I reached behind the dash and removed the nut with a socket (10mm, I think... or 13mm... I didn't keep detailed notes on everything...).

This wasn't easy... it was one of the more difficult-to-remove fasteners on the whole project.


Lower-Right Corner Of Dash:

There was a screw behind the top of the plastic trim that covers the lower-front edge of the passenger door opening.

(I ended up removing the plastic trim.)

Screw on lower-right corner of dash inner structure.


Fastener locations on dash sub-structure, near center console, 06 Equinox. I removed some nuts around the fuse box, because I wasn't sure what would be removed with the dash sub-structure.


I removed these two bolts (red arrows) below the steering column, using a 15mm socket and wobble extension. These bolts hold a U-bracket that supports the steering column.

Bolts holding steering column in place, 06 Chevy Equinox.


Steering column dropped down, 2006 Chevy Equinox.

Then I dropped the steering column down. It almost hit the driver's seat. (I'm afraid the column still needs to go lower, later on.)

There are many bundles of wires that go to the steering wheel area. BE CAREFUL THAT NONE OF THESE WIRES GET PULLED TIGHT when the steering column is lowered down.

After unplugging numerous wiring hold-dowm clips, and a few electrical devices, I was able to remove the dash sub-structure from the car.

The dash sub-structure, front view. Dashboard sud-structure or inner structure, 2006 Chevy Equinox.


Dash inner structure, 2006 Chevy Equinox.

Back view of dash sub-structure.

The yellow wiring harness is for the passenger-side airbag.


This is the stud that caused problems earlier.

(Note that the dash sub-structure is upside and backwards in this picture... this isn't the orientation you'd see the stud in.)

Front-facing metal stud on dash inner structure, 06 Equinox.


Unknown electrical device, 06 Equinox.

I have no idea what this electrical device is... it's just sitting inside the dash.

This could be the chime, or a temperature sensor for inside the cabin.


The inside of the Equinox after the dash sub-structure has been removed. 2006 Chevy Equinox with dash removed.


Steel cross-member behind dash, 06 Chevy Equinox.

Apparently this big steel cross-member needs to be removed.

But... the steering column is attached to this, where the tilt-steering pivots.


Removing The Steel Cross-Bar Behind The Dash:

I removed this piece of ductwork from the center of the dash.

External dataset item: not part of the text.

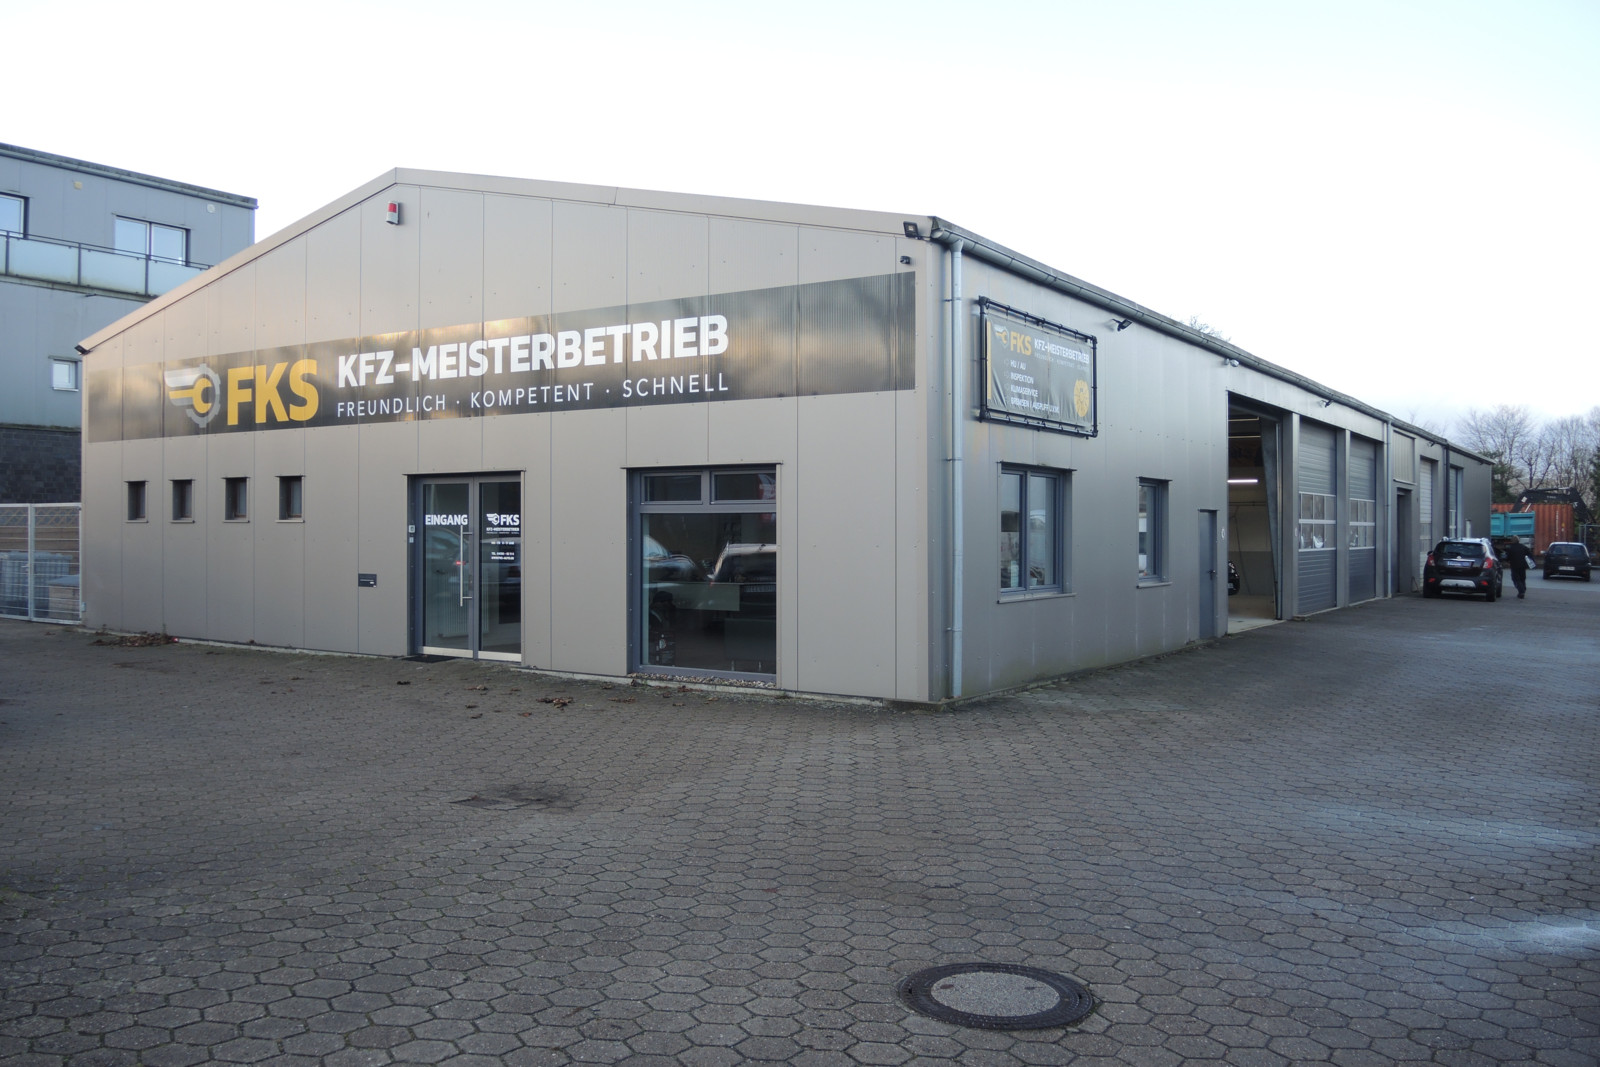 Der Reifenfachhandel und Kfz-Meisterbetrieb FKS aus Henstedt-Ulzburg hat sich einen guten Namen gemacht.

This directs air to the dash registers. Removing plastic air duct in middle of dash, 06 Equinox.


Long bolt at hinge point on  steering column, Chevy Equinox 2006.

There was a long bolt on the left side of the steering column (red arrow), at the pivot point of the tilt steering.

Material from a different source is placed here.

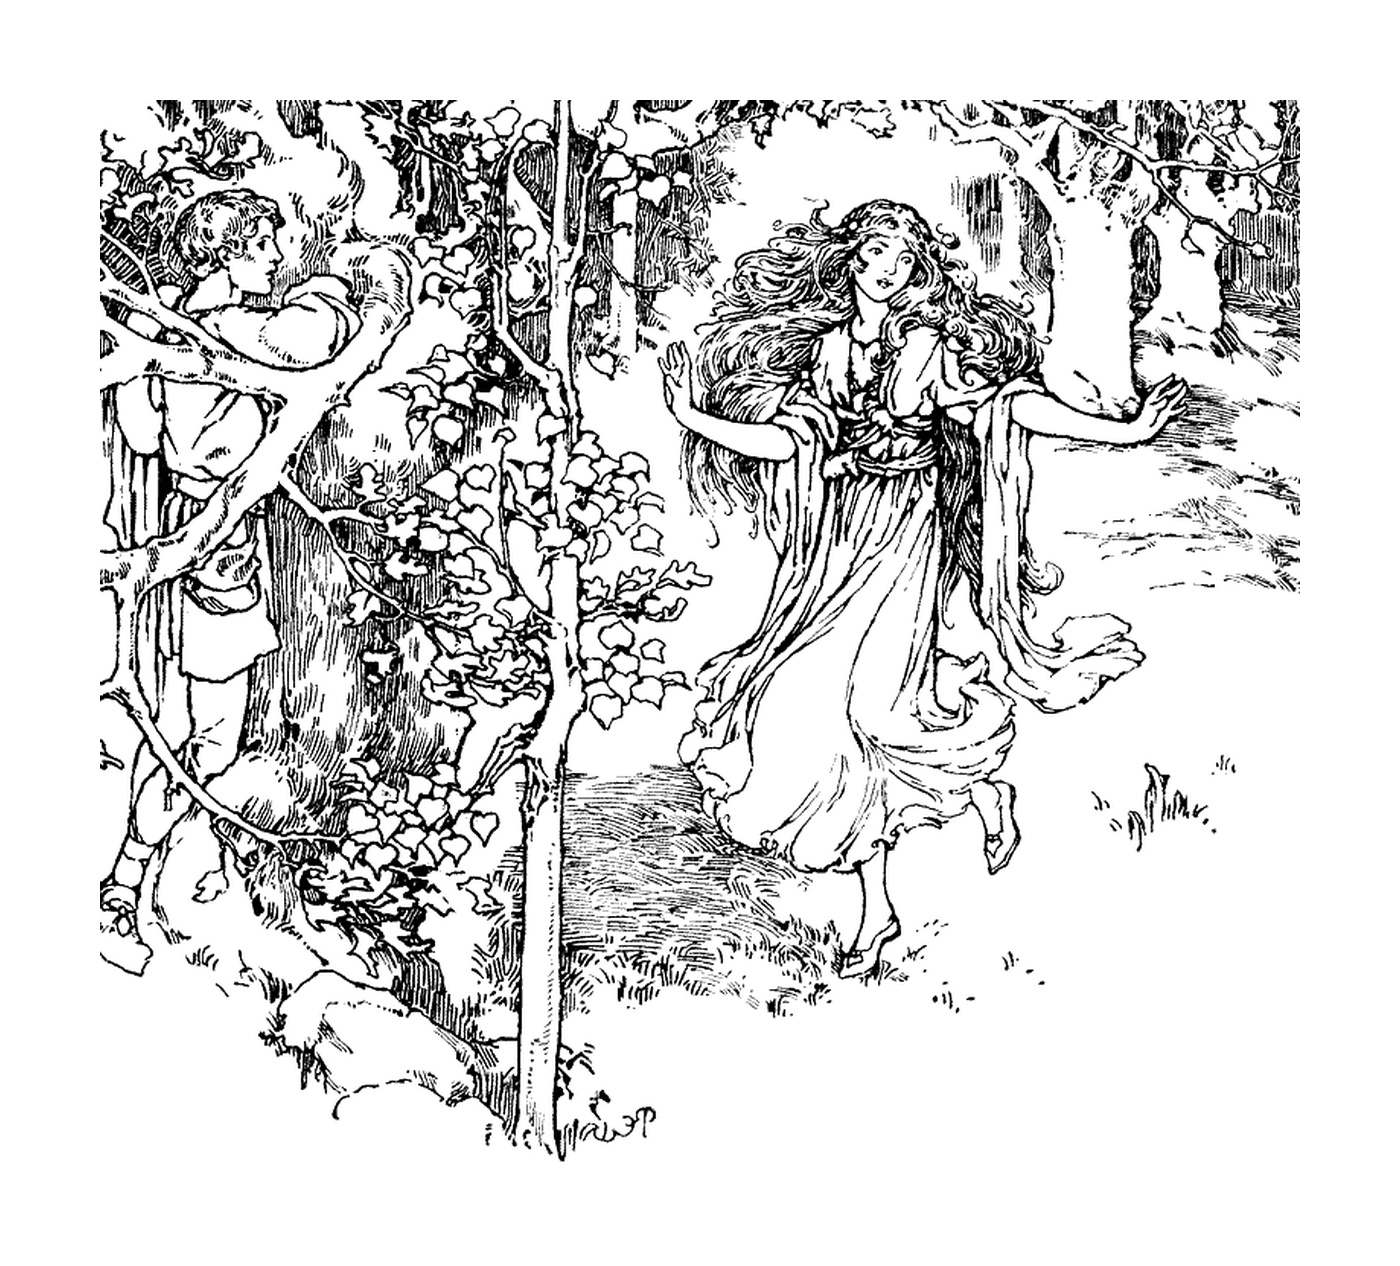  बाग में एक स्त्री और पुरुष

I removed this bolt with a 15mm socket. This bolt was tricky to remove because I had to lift up on the steering column to keep the bolt from being pinched. Having a helper would be a good idea.

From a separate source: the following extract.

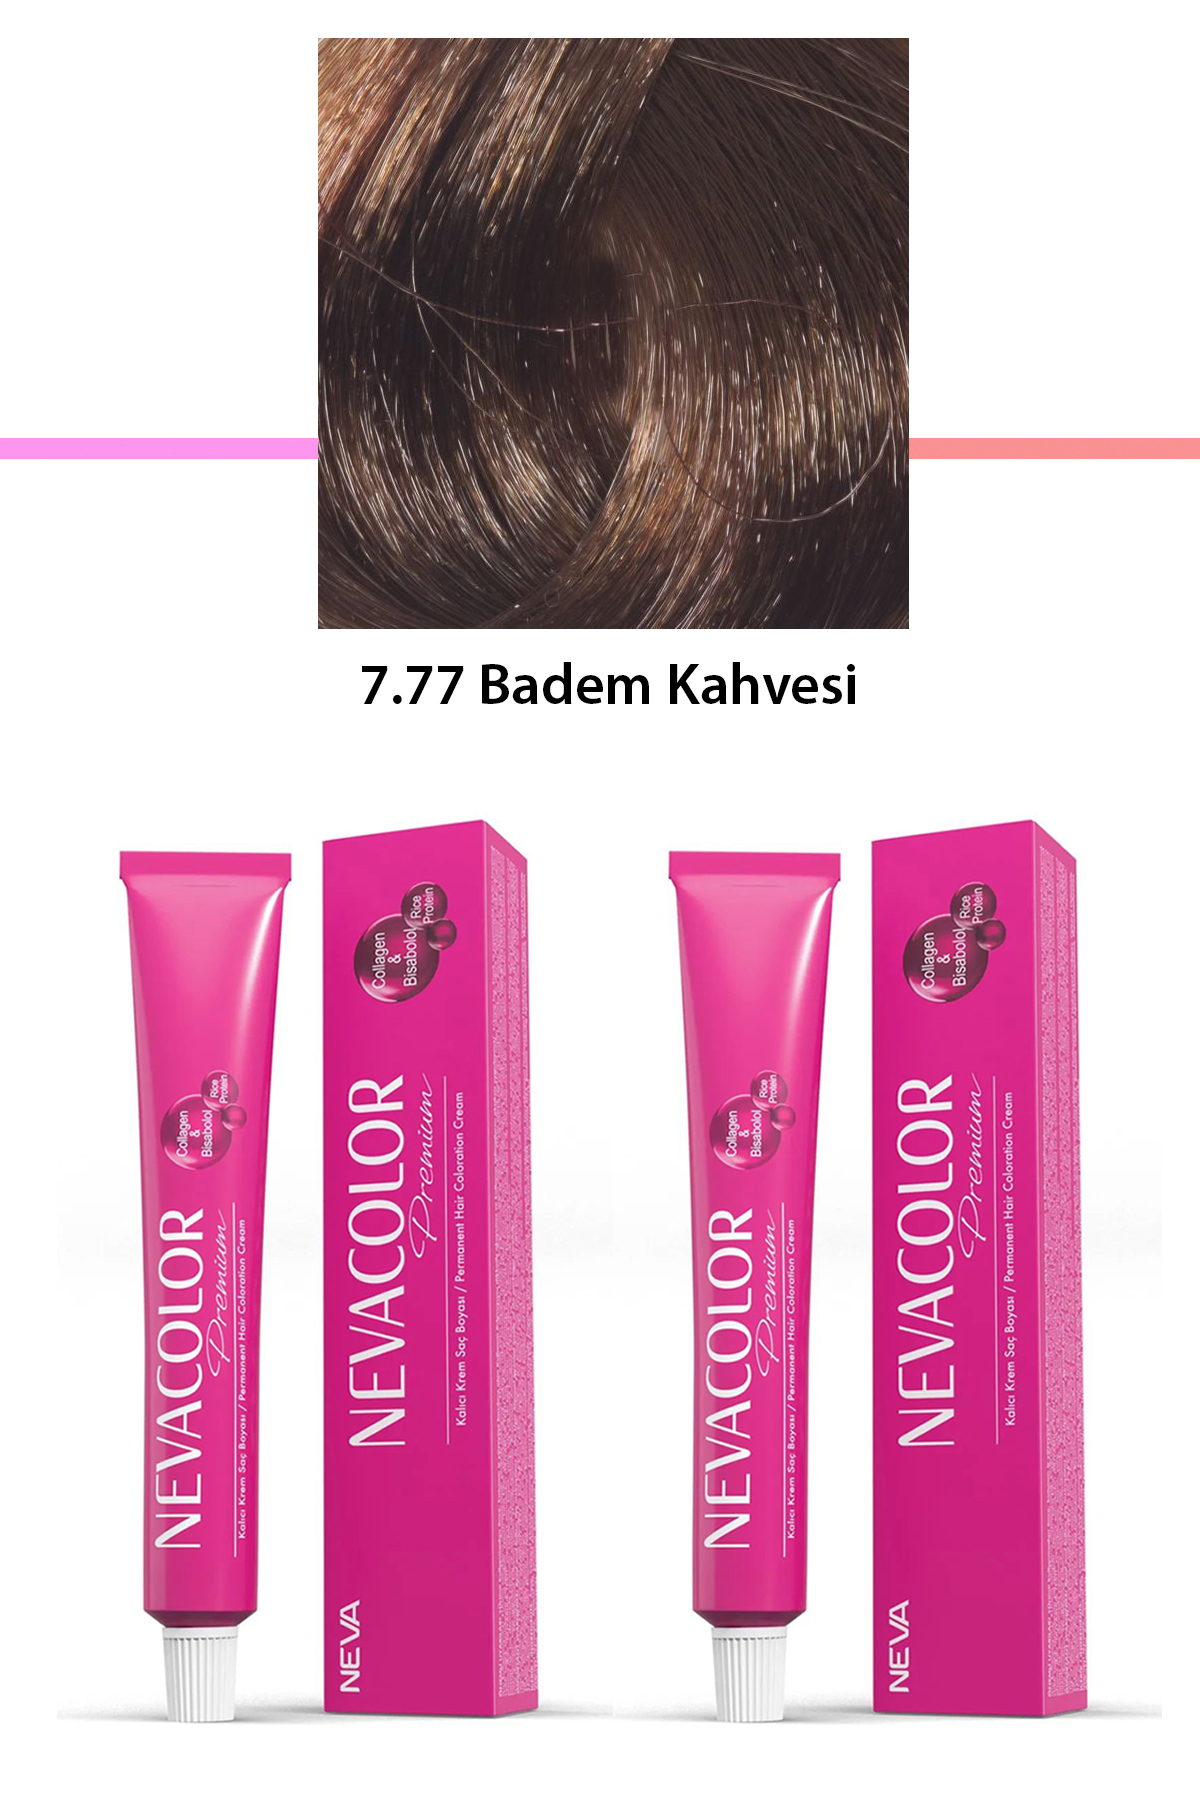 2 li Set Premium 7.77 Badem Kahvesi - Kalıcı Krem Saç Boyası 2 X 50 g Tüp

I let the steering wheel rest on the floor, in front of the seat. The steering shaft below the first universal joint is telescopic so the shaft just sunk down towards the floor.


I removed these two bolts on the left side of the cross-bar. There were two similar bolts on the right end.

The upper of these two bolts is longer than the lower bolt... that's important when re-assembling all this fun stuff.

Bolts for steel cross-bar behind dash, 06 Chevy Equinox.


Removing fasteners on steel cross-bar behind dash, Chevy Equinox.

I removed the nut under the cross-bar (right arrow), and also the bolt above the brake pedal (left arrow).

The nut connects the cross-bar to the plastic air duct housing.


I removed a nut behind this stud. This nut also secures the air duct to the cross-bar. Nut and stud on steel cross-bar.


Marking locations of wiring clamps. I had to remove about a dozen wiring clamps. I marked each clamp with a letter or number, both on the wire and on the metal.


Keeping Track Of Wiring Harness Clamps Is CRITICAL:

Shortly after I removed a couple of plastic clips that were securing the various bundles of wire to the structure, I realized that getting all those wiring harnesses back into the right locations was going to be a real problem unless I kept things organized.

So I started labelling each wiring harness clamp as I pried them off. I just used a sliver Sharpie permanent marker to write a letter or number on the bundle of wires near each clamp, and on the structure near each hole.

When I re-assembled all these parts, labelling those wiring clamps made ALL THE DIFFERENCE IN THE WORLD. Without this help, I would've wasted hours trying to figure out which bundle of wires went where.


There were 6 nuts on this "tunnel" around the steering column. Three are easy to reach, the other three were quite difficult (I couldn't even get a decent picture, the area is so crowded).

Those other 3 bolts would be at the far right of this picture... if the camera had X-ray vision and could see through the steel plate.

Fasteners in steel cross-bar, around steering column, 06 Equinox.


Hidden fastener under steel cross-bar behind dash, 2006 Chevy Equinox.

Sneaky Hidden Fastener From Hell:

I didn't even know about this nut in the back until I had struggled to pull out the cross-bar for a good ten minutes. I could feel the steel bar pivoting about this area, so I knew there had to be something back there.

I removed this nut with a 13mm socket.

The black object is the air duct, and this fastener is at the upper-left (driver's side) corner, very close to the firewall.

Then I was able to remove the steel cross-bar. It wasn't too heavy. Be careful while carrying this piece through the car door... it would be easy to gouge something or break a window.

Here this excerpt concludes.